Изгнание - Лион Фейхтвангер
Шрифт:
Интервал:
Закладка:
Такими речами, то хитростью, то серьезными уговорами, переплетчик старался воздействовать на Клеменса Пиркмайера, снова и снова внушая ему, что он обязан хорошенько разъяснить эти соображения своему вымышленному другу.
Клеменс внимательно слушал, робко и вежливо благодарил. Но по дороге домой Ганс убедился, что слона Меркло не произвели никакого впечатления на Клеменса. Наоборот, он теперь и от Ганса отгородился обычным своим кротким упрямством.
Вернувшись в интернат, где он воспитывался, Клеменс в этот день совершенно не в состоянии был выносить общества своих товарищей. Ему необходимо было остаться одному. Он заперся в уборной и погрузился в раздумье. Старый переплетчик, по-видимому, умный человек, Ганс тоже умен, он добрый друг. Но они неверующие, поэтому они его не понимают. Он боролся с собой, стараясь разобраться, от бога ли его план или от сатаны. Долго продолжалась эта внутренняя борьба.

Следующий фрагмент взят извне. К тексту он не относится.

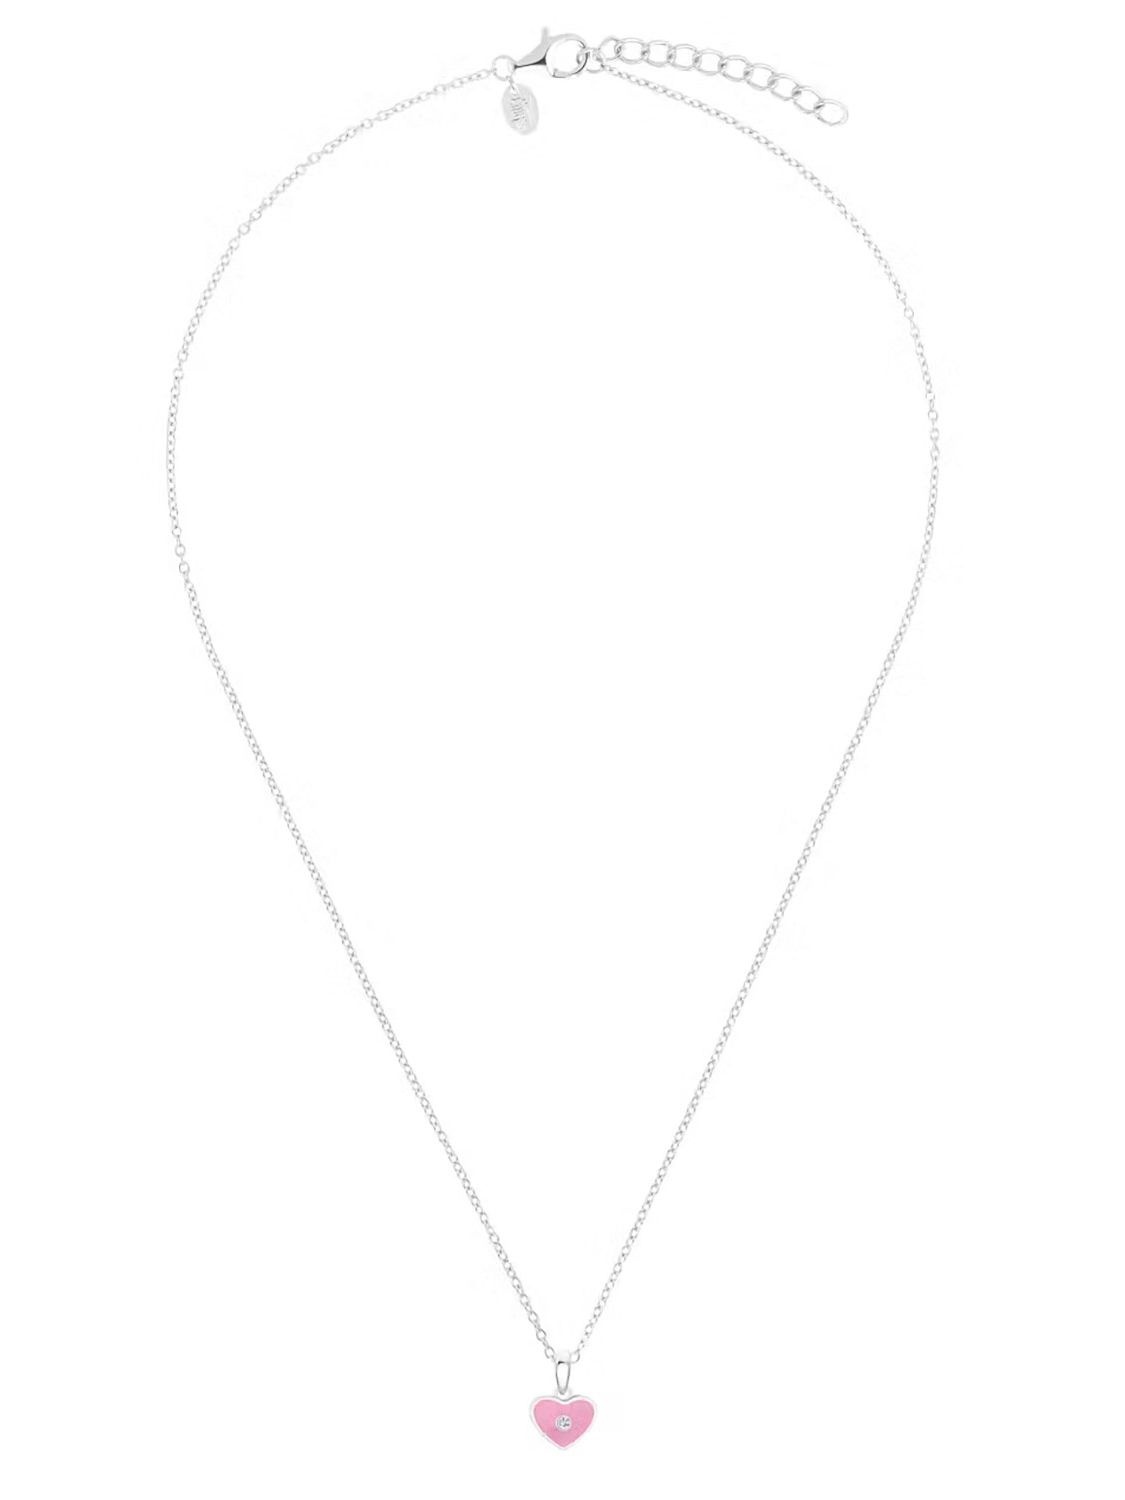 Prinzessin Lillifee Silber-Halskette für Herz-Anhänger Kinder 2035981 mit

Кто-то стал ломиться в дверь его убежища, и в конце концов ему пришлось выйти.
— Что с тобой? Тебе дурно? — спрашивали его мальчики, таким он казался измученным и расстроенным.

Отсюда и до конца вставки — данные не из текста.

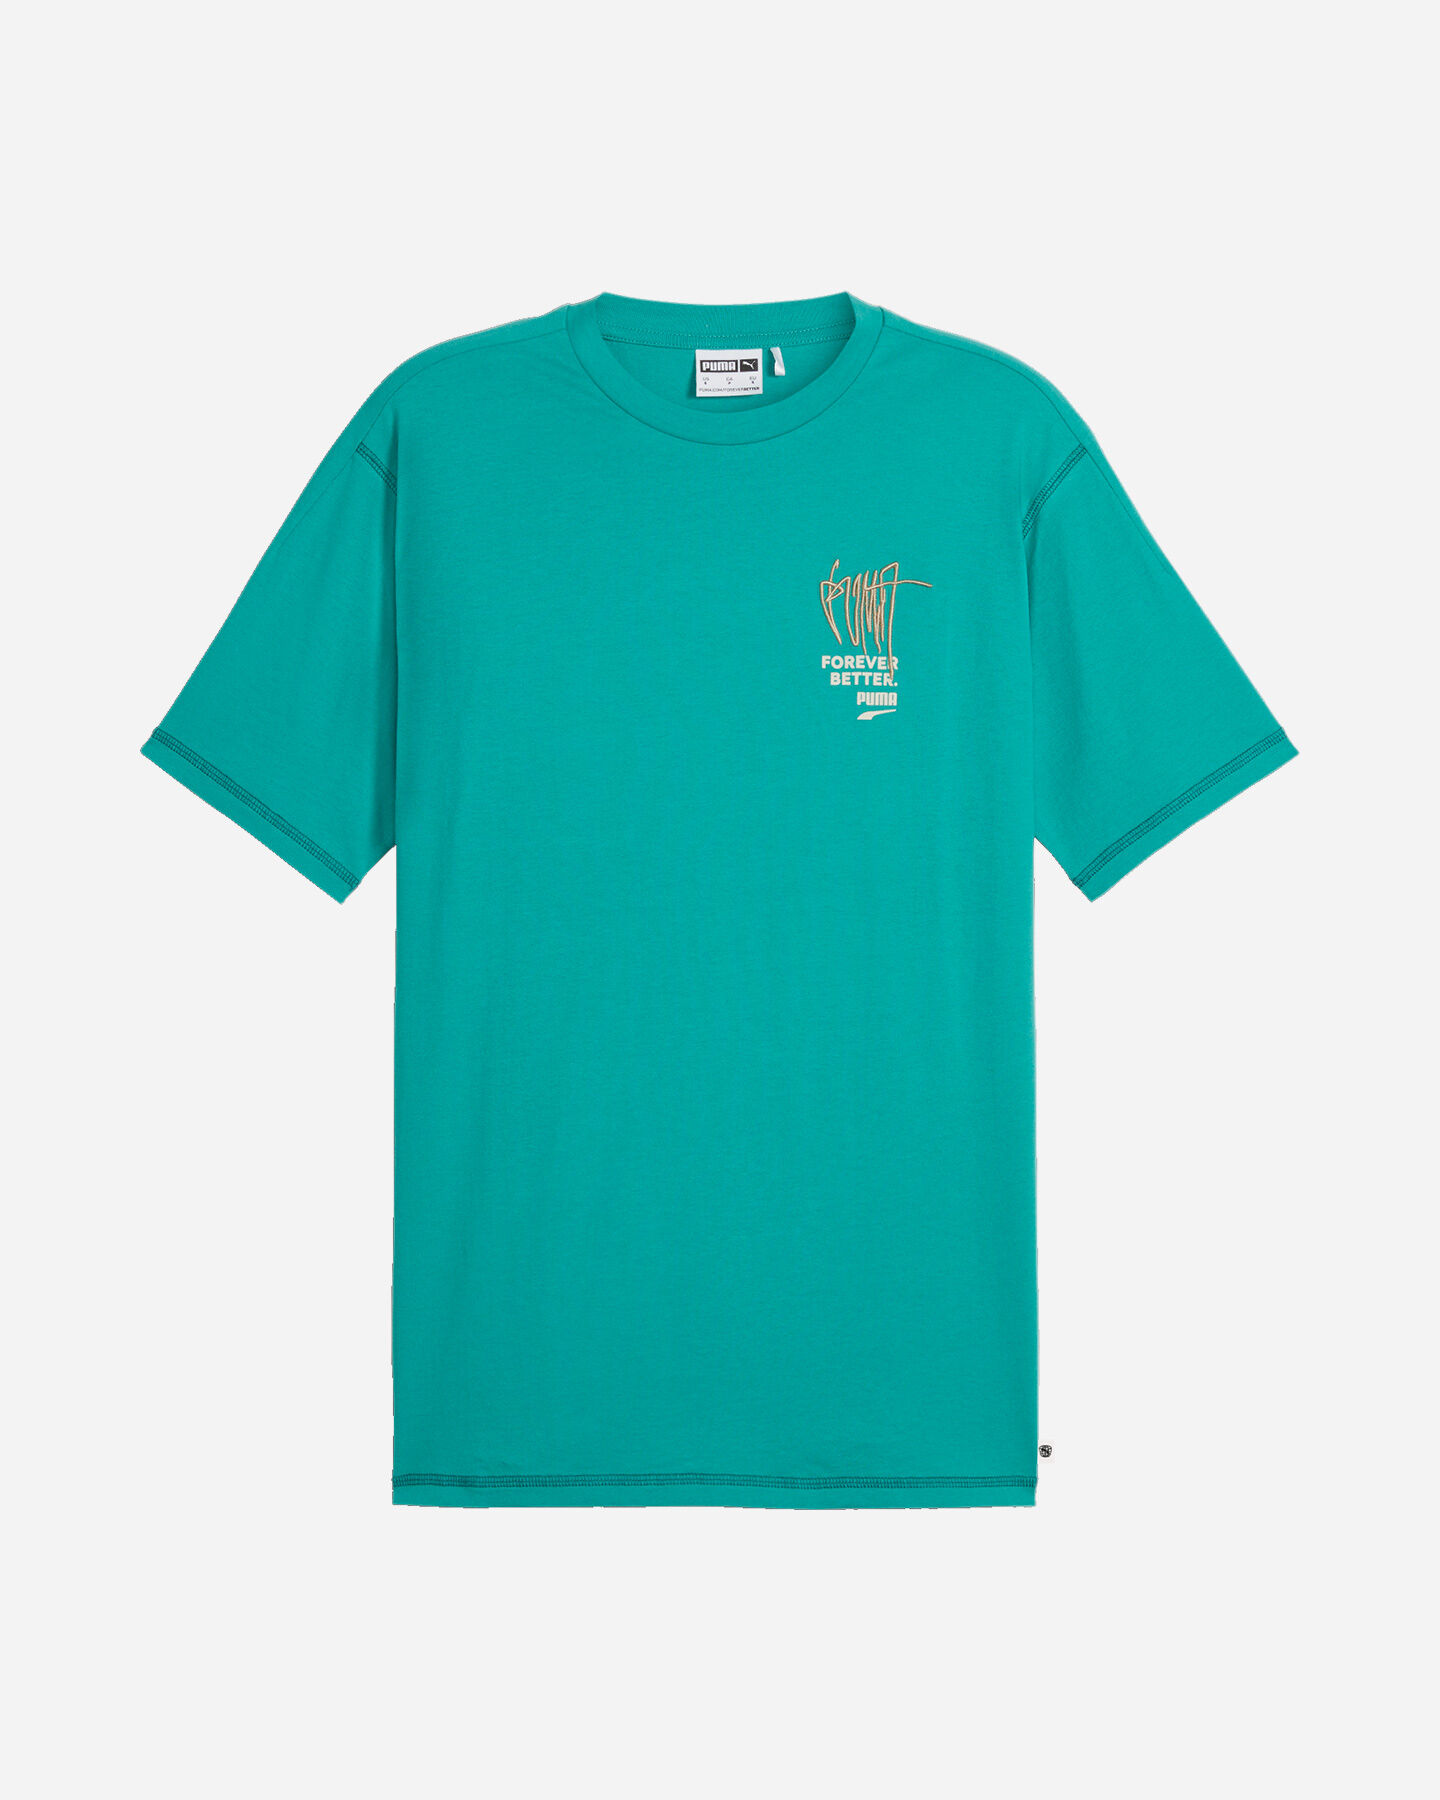  T-Shirt PUMA BETTER FUTURE M S5663853|88|S scatto 0

Успех на митинге в защиту Фридриха Беньямина вдохнул в Зеппа Траутвейна новую веру и энергию. Он долго пассивно мирился с тем, что отчуждение между ним и Гансом росло, но теперь он сказал себе: дальше так продолжаться не может. Два интеллигентных человека, исполненные доброй воли, отец и сын, должны как-нибудь найти общий язык. Мальчуган упрям, это у пего отцовское, сам Зепп не из смирных. Но в конце концов оба они стремятся к одному и тому же, и, если твердо решить ни в коем случае не распускаться, можно поладить друг с другом.

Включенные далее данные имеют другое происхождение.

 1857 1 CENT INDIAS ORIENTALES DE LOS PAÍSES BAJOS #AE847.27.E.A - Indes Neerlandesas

— Ну, Ганс, выкладывай, — сказал он однажды, очутившись наедине с сыном. — Как Народный фронт? Как ваши успехи?
Ганс покраснел от радости, что Зепп наконец затронул эту тему; он с гордостью рассказал, как пылко подхватили идею Народного фронта молодые люди всех партий. Все они поняли, что, если не будет достигнуто единство, эмиграции придется начисто отказаться от политической деятельности. Смешно и думать, что малочисленные разобщенные партии могут совладать с властью гитлеровцев.
Зепп, сидевший в заново обитом кресле, вытянув далеко вперед ноги, добродушно с этим согласился. Для себя он требует только одного, сказал он, свободы слова и мысли во всех областях, не связанных непосредственно с борьбой против фашизма.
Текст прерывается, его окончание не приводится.